Айзек Азимов - Миры Айзека Азимова. Книга 7
— А вы полагаете, что угроза существует?
— А вы — нет?
— Вряд ли… — подняв глаза к потолку, протянул Фулхэм. — Император…
— О Боже! — всплеснул руками Гардин. — Да что же это такое? Все говорят: «Император, Империя», — как будто заклинание!

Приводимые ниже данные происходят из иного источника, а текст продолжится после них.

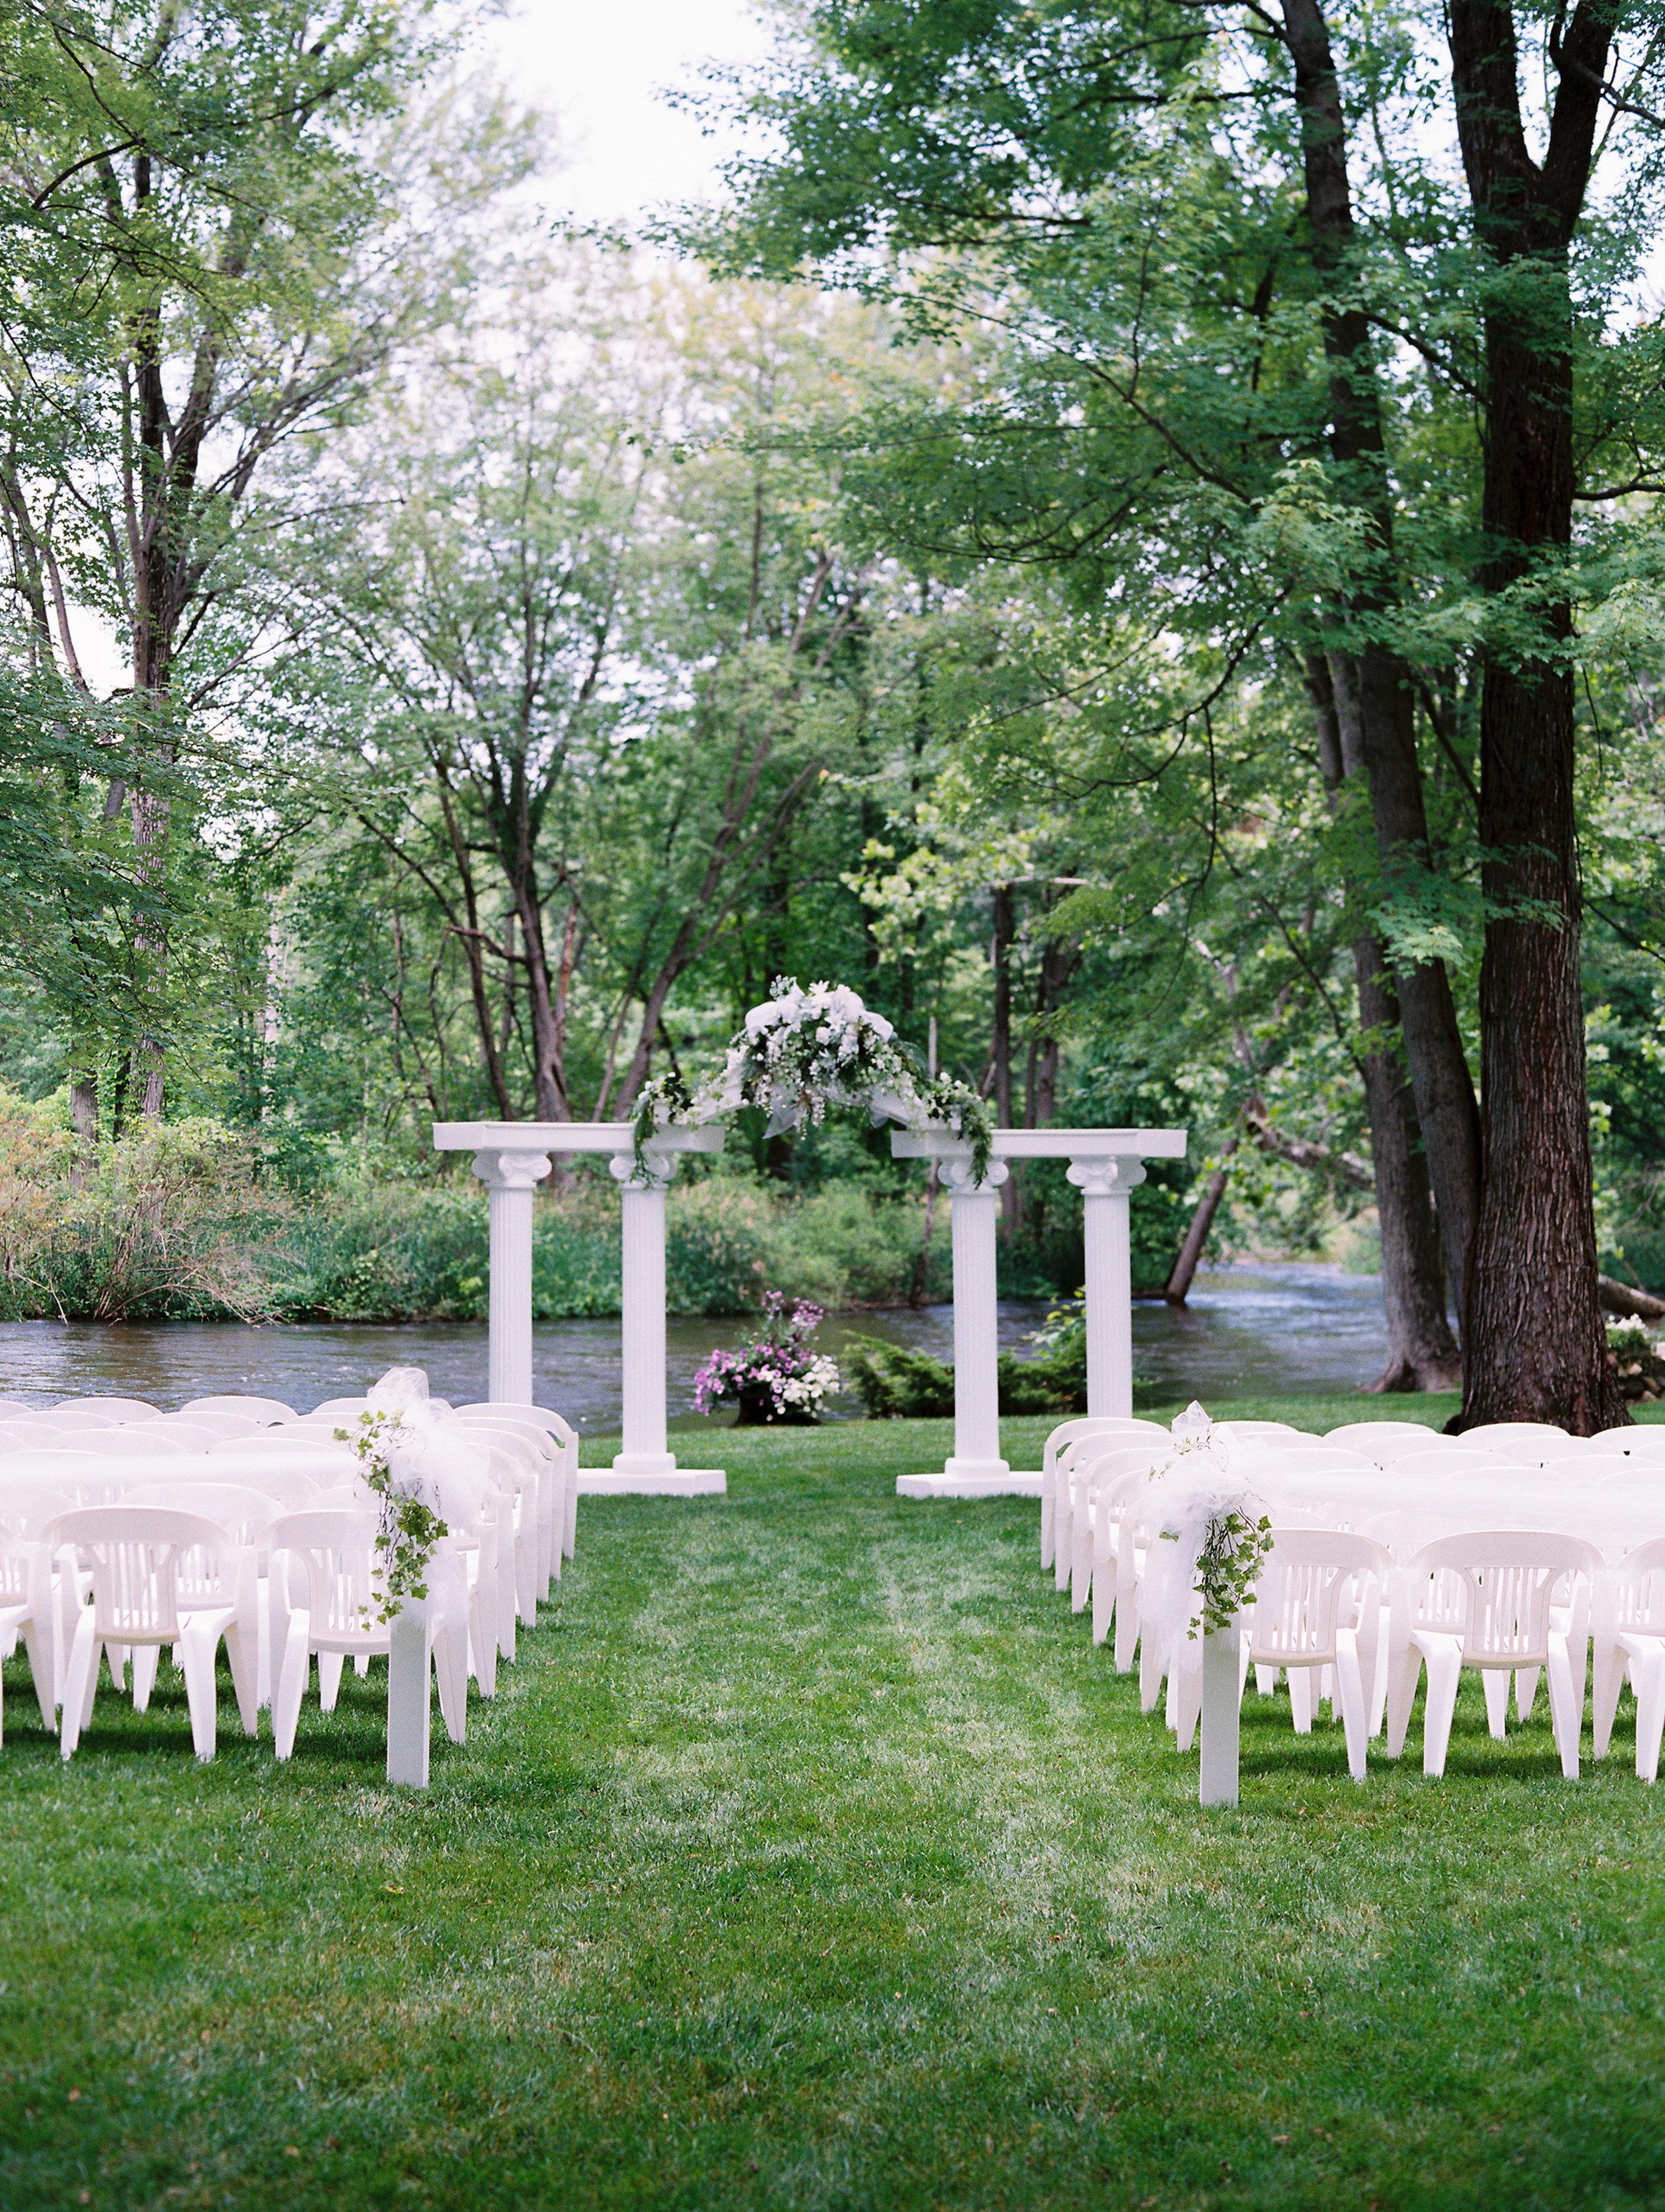 Conger+Wedding+Ceremony+Details-20.jpg

Император от нас в пятидесяти тысячах парсеков, и я очень сомневаюсь, что ему до нас есть дело. Да если и так, чем он может нам помочь? Все корабли имперского флота теперь в руках Четырех Королевств и Анакреона в том числе. Послушайте, нам придется сражаться оружием, а не разговорами!
И вот еще что. У нас было два месяца. Мы дали Анакреону понять, что у нас в руках атомное оружие. Но мы-то с вами отлично знаем, что это не так. У нас есть атомная энергия, да и та — на исходе. И об этом узнают. Если думаете, что они позволят долго водить себя за нос, то глубоко заблуждаетесь.
— Многоуважаемый…
— Подождите, я еще не закончил! — Гардин сам чувствовал, что разошелся не на шутку, но продолжал в том же духе:
— Как мило, что в это дело вмешивается канцлер. Но было бы гораздо лучше, если бы нам удалось обеспечить себя атомным оружием. Мы уже два месяца потеряли. Боюсь, что времени у нас просто не осталось. Что вы намерены предпринять?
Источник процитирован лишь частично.